While Mendes isn’t throwing in the towel for consumers in Canada – where a 6% unemployment rate ensures the capacity to navigate debt loads – he acknowledges there will be a need to tighten belts. More pressing, are housing prices growing increasingly unaffordable for an increasing number of potential buyers as time passes.

Given the expected propensity for more careful spending on both housing and discretionary purchases by Canadians come 2020, the economy can no longer rest on the laurels of real estate and consumption.

Mendes explains that in July 2017, mortgage rates on five-year Government of Canada bonds were greater than they were a half-decade before. The last time this had been experienced? Almost thirty years ago.

As mortgages are directly related to these rates, Mendes expects the trend to continue. It’s hypothesized that seven out of ten Canadian homes with five-year fixed rate terms at the beginning of last year, will have higher mortgage rates when resetting come late 2020 when those with variable or other fixed terms will see escalating prices too.

With the overwhelming abundance of outstanding mortgage debt, interest rates must be increased for renewals, costing Canadians an estimated $8-billion compared to the current climate. To put it into better perspective, Mr. Mendes explains this as “half a percentage point of disposable income”.

As for other consumer credit, $600-billion outstanding will also cost Canadians a tremendous amount of money when rates reset. According to Mendes, when restrictions were put in place to put a halt on the housing markets and to prevent credit from implosion, this was the desired result for policymakers in Ottawa, B.C., and Ontario.

As a result of those policies, the idea was to pivot and focus on business investment and exports. Unfortunately, this has not come to fruition of yet and if there’s a lack of business investment, exports will fail to drive economic growth as well.
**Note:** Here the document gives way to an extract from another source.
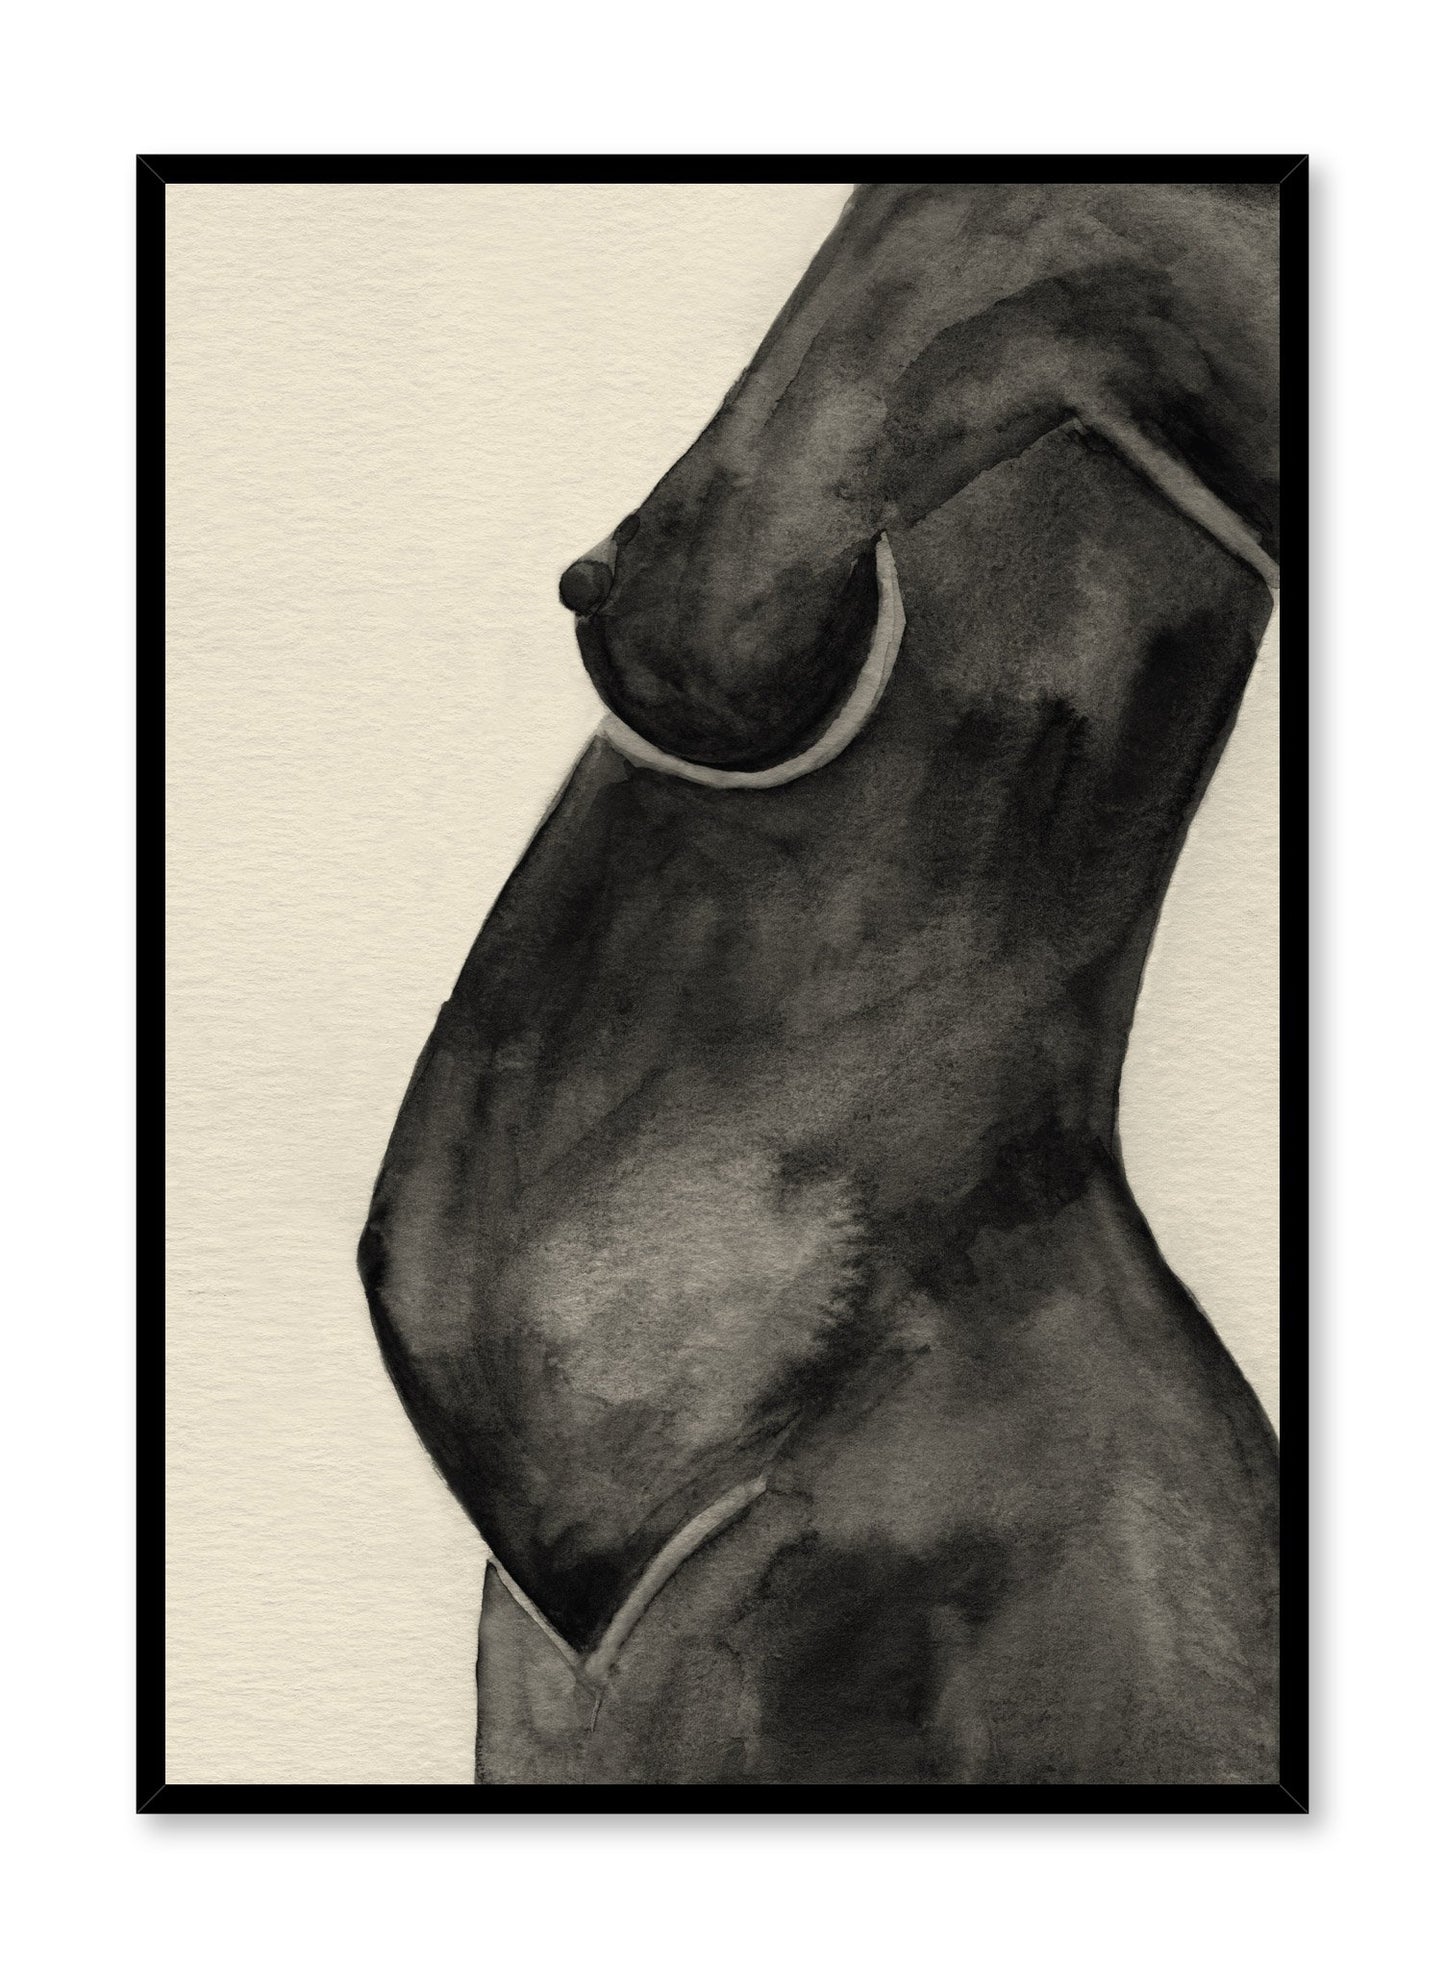 "Magnificent Mama" is a minimalist black and beige illustration poster by Opposite Wall of pregnant and abstract female silhouette over a beige background.

“Last quarter’s export surge was nothing more than a flash in the pan, in part due to U.S. buyers front-running their own country’s tariffs,” says Mendes. Plus, our neighbours south of the border have their own economic issues to deal with.

Interestingly enough, the central bank’s rate hikes might not be coming as fast and furious as projected by most economists. Mendes forecasts an economic growth of 1.8 per cent in 2019, and just 1.3 per cent in 2020 throughout Canada, with a potential to substantially slow down hikes.

The cost of housing is already unaffordable for the populations of Toronto and Vancouver, and they’ve only become more unattainable in the second quarter, as shown in the National Bank Financial’s most recent study. The median home price in Toronto was an astronomical $838,000 during the quarter—meaning 100 months of saving for a down payment and account for approximately 68 per cent of income. This price is actually down from the previous year, given the regulations placed upon the real estate market.

The $1-million-plus median in Vancouver is more extravagant than Toronto, and up from a year earlier. Vancouver homes need over 336 months of saving for a down payment—80 per cent of income.